People go back and forth across the border. Some 300 students, most of whom are U.S. citizens, cross each day to go to school in Columbus or 30 miles further north in Deming. This presents a problem. Some inevitably are given drugs to carry. At no age do you refuse a cartel request, and not everyone can be searched. And cartel cash is addictive. “Once you’ve started taking money, there’s no way to stop taking it,” says Deputy Odom. Don’t want to cooperate? Well, we know when your kid leaves school and … you get the point. A school bus driver was arrested for transporting drugs along with children. With that human cargo, it was easy for him to get through checkpoints. Sheriff Cobos never ceases to marvel at the tactics of the cartels. “If only they could put all that energy and ingenuity into something useful like curing cancer.”

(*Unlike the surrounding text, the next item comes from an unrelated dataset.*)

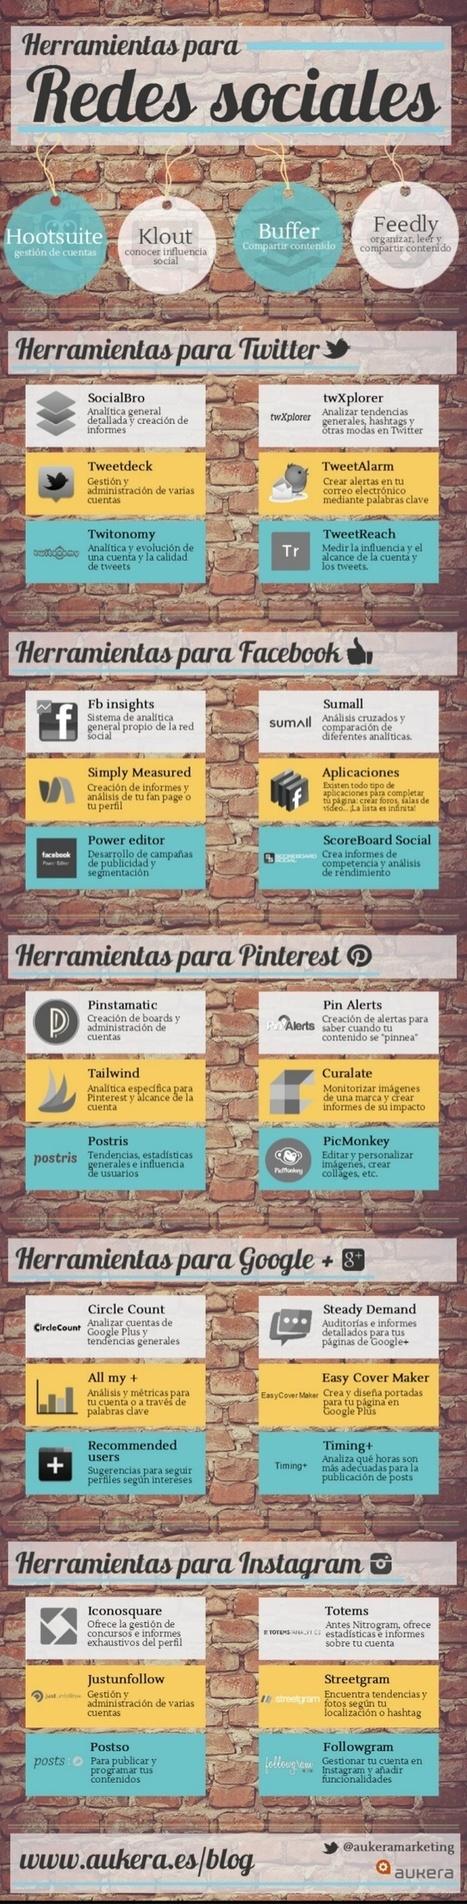 34 herramientas para la gestión de Redes Sociales #infografia #infographic #socialmedia | CarlosJavier_76 | Scoop.it

Those who closely follow the drug war are increasingly dismayed by the way it’s fought. Guns don’t stop drugs. Eliminate the narcotics in one place, they move to another. Money determines. Don Wirth, a former senior special agent with the Department of Interior, told the Tucson Weekly in May that the war is a “tremendous waste of the country’s resources. We’ve spent billions fighting that stuff and haven’t made a dent. And the violence escalates. This is unusual for somebody in law enforcement to say, but we’re never going to win the drug war. We need other approaches.”

The best approach, some say, is to legalize drugs, at least marijuana, which comprises anywhere from 50 to 80 percent of cartel earnings. That would free lawmen to concentrate on the harder but smaller drugs and human smuggling (often for prostitution). In an interview with Truthout, Ethan Nadelman, executive director of the Drug Policy Alliance, says, “a law enforcement strategy cannot defeat a dynamic global commodities market. So as long as there is demand, there will be supply. Attempts at interdiction just move the drug trafficking around, wreaking havoc in its wake.”

Border towns have to live with that havoc, facing incursions of a kind far more dangerous than Pancho Villa’s. What does the future hold for Columbus? Addison Bachman suggests making something of the past—and what a past it is: a town that repelled a very rare invasion of America, launched by one of its most colorful enemies. Maybe statues to Pershing and Patton could be erected to accompany Villa’s. But yesterday’s enemies are now friends in a closely integrated society: for all intents, Palomas and Columbus are one. This is an invisible gem that needs the right kind of exposure, says Bachman.

So Americans, come on down and enjoy yourselves. But please, no drugs or guns.

Ed Warner is a former editor-reporter for the Voice of America.